WHAT NEEDS TO BE DONE
Leaving out every picture, please repeat exactly the line that contains "Sunglasses 6957-full-1" and each line after it through the final line below.

INFORMATION SHOWN
********************

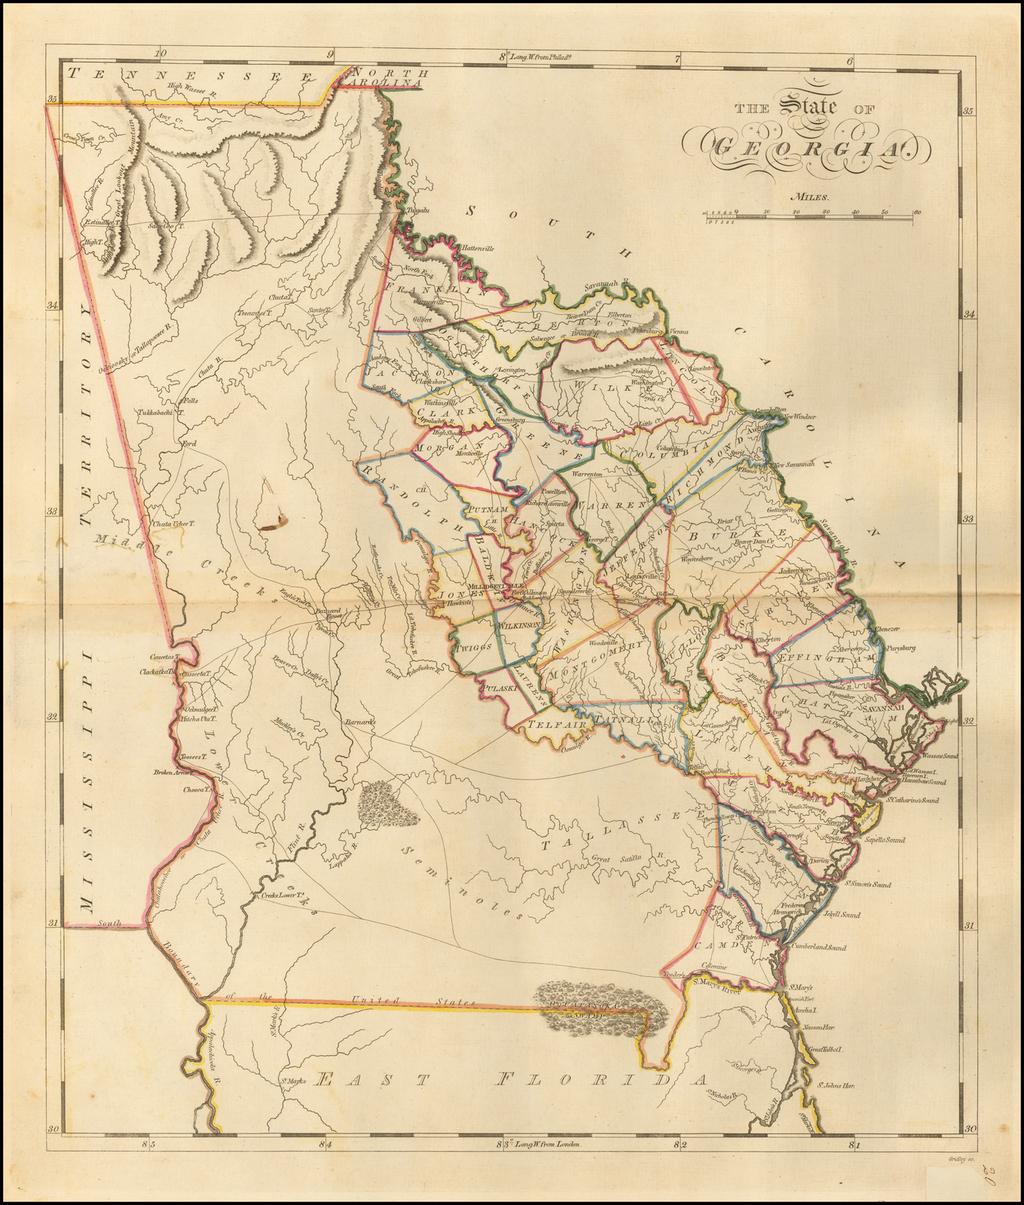 The State of Georgia By Mathew Carey
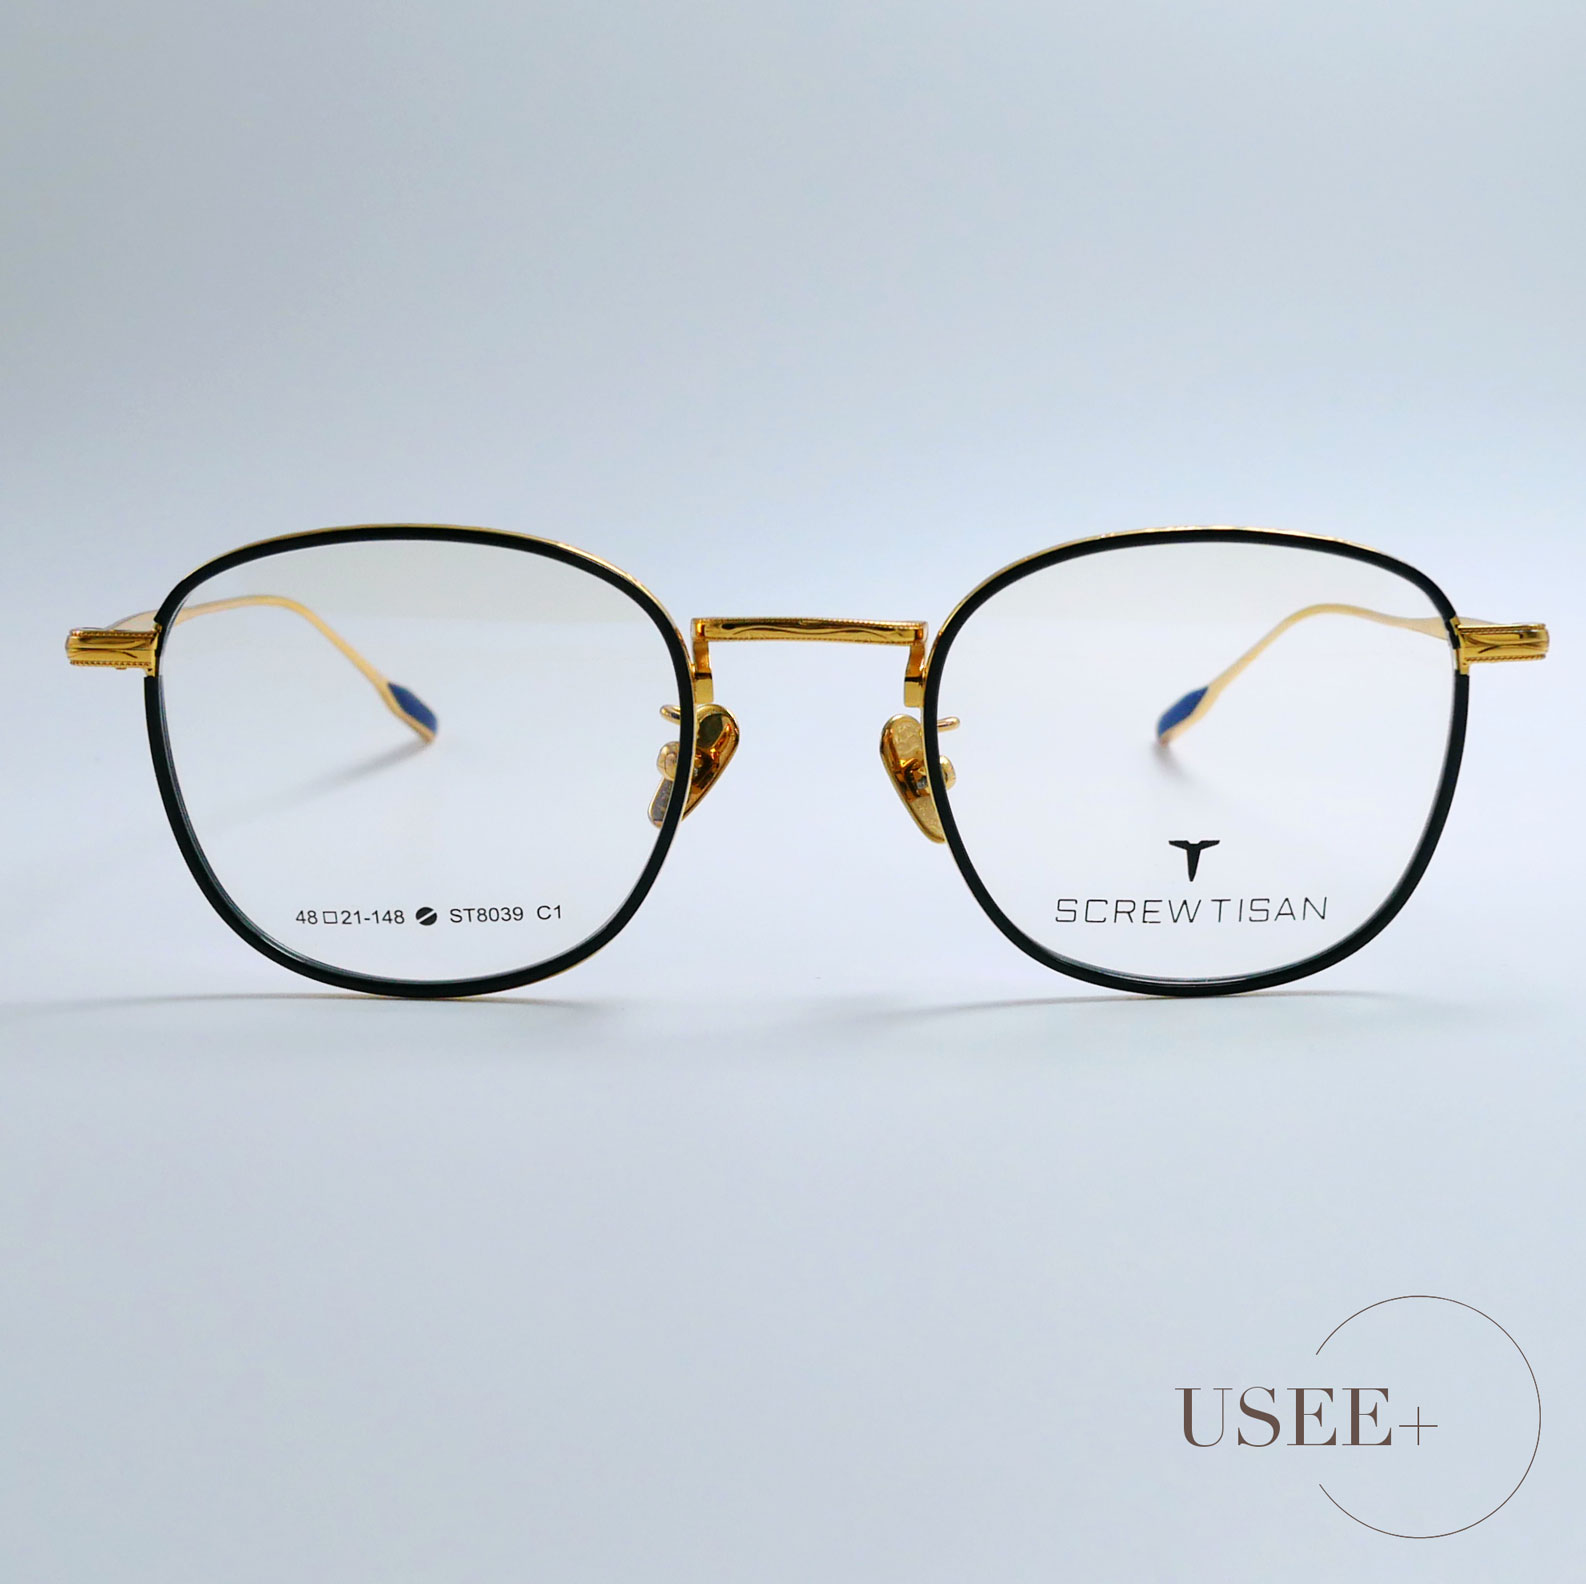 USEE+ 有晰眼镜设计师时尚潮流复古光学眼镜
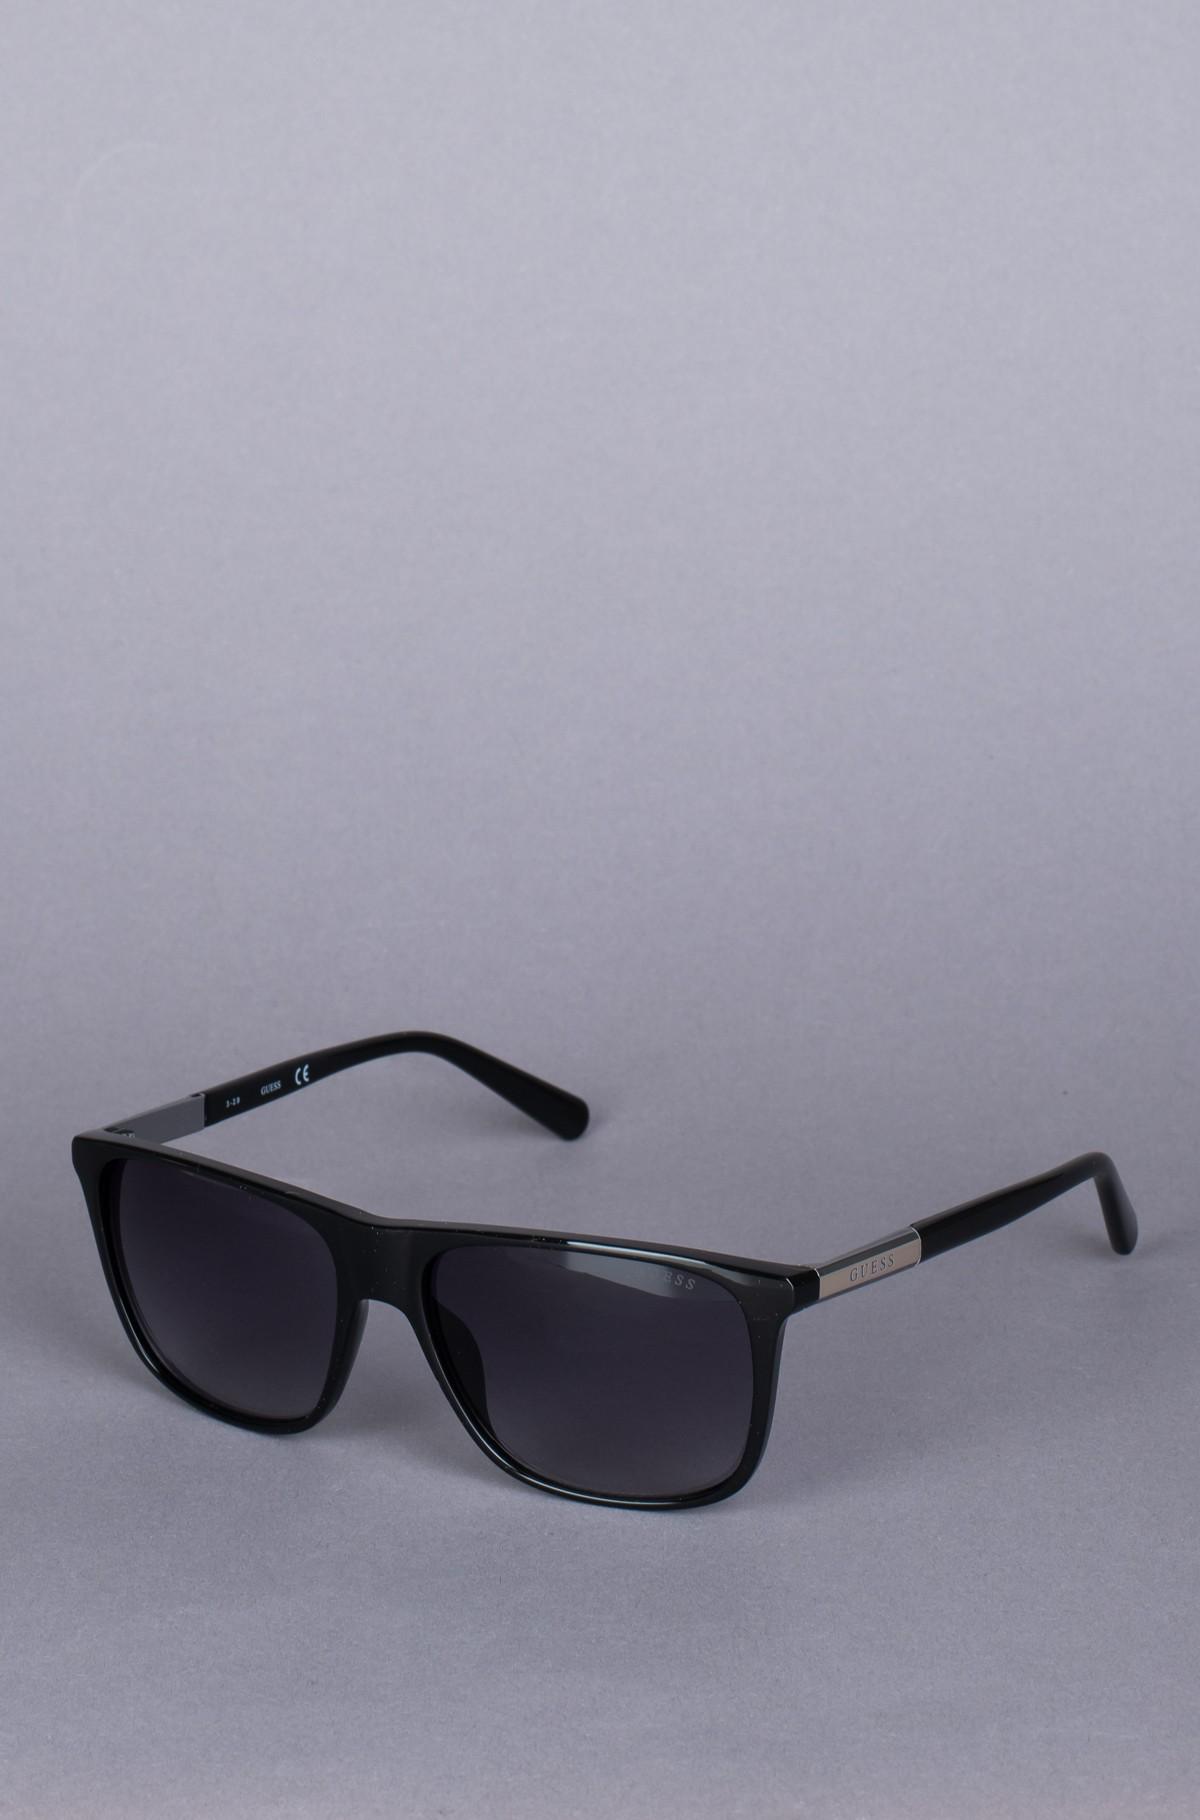 Sunglasses 6957-full-1
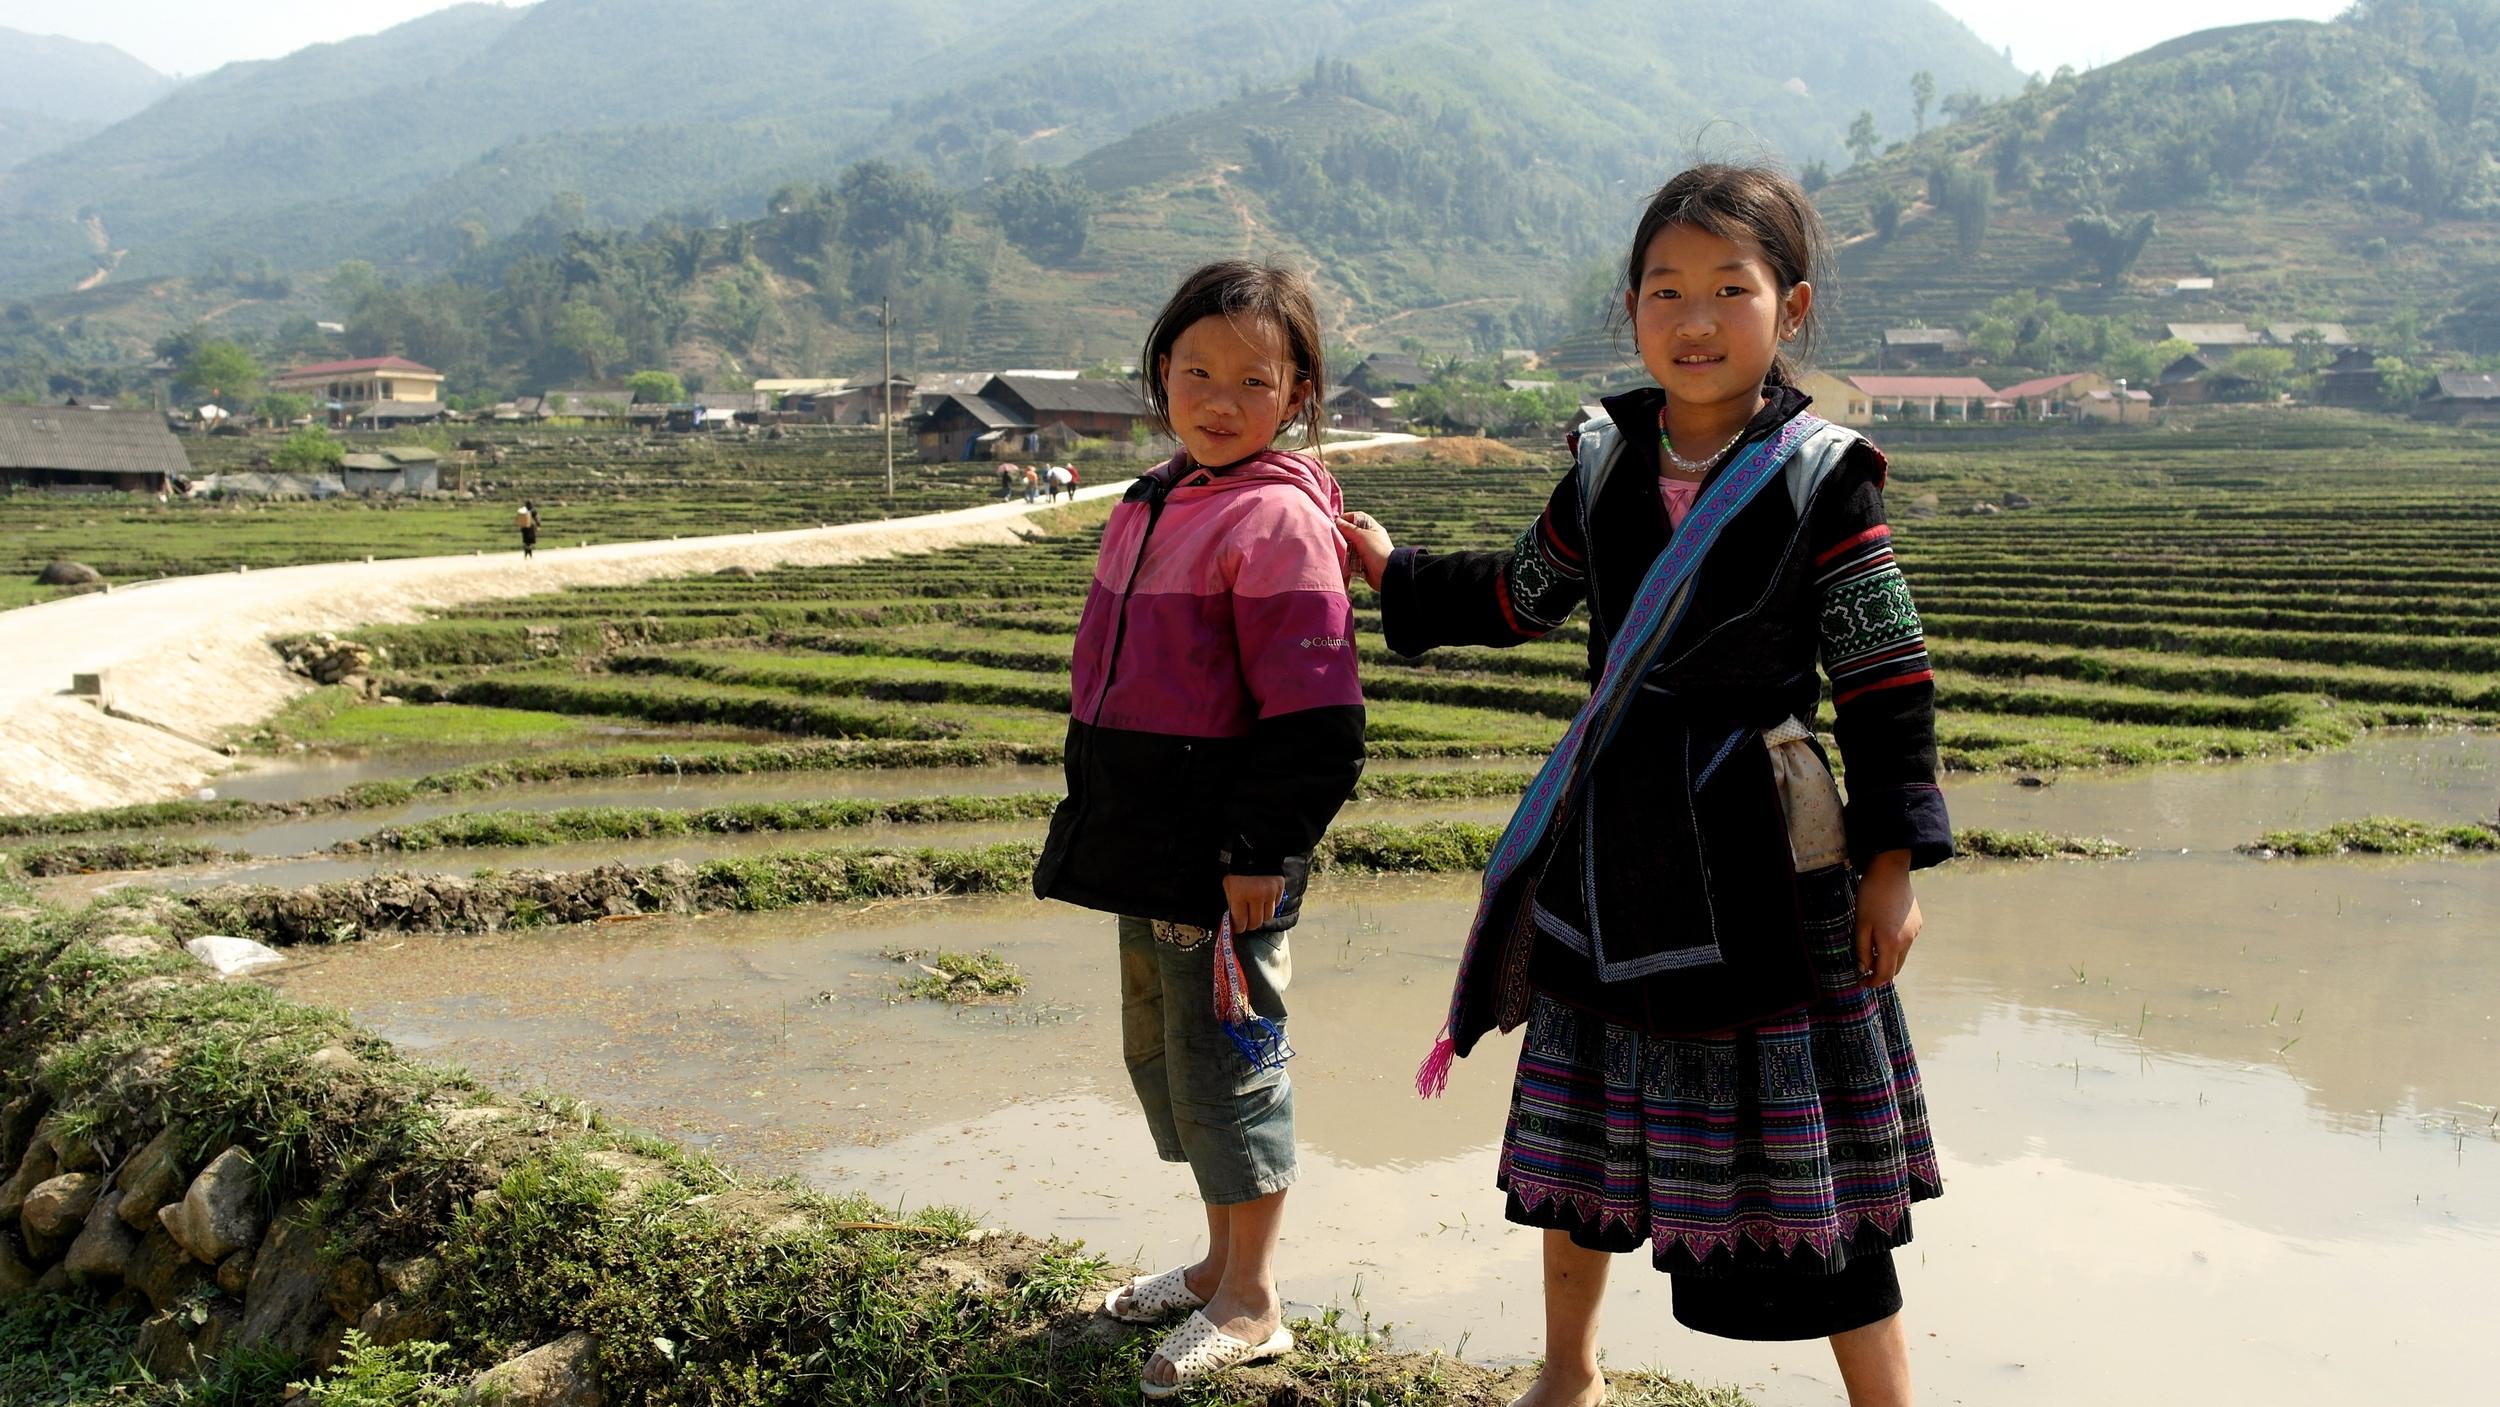 black hmong girls near the vietnamese town of sapa

********************

YOUR SOLUTION
 Sunglasses 6957-full-1
 black hmong girls near the vietnamese town of sapa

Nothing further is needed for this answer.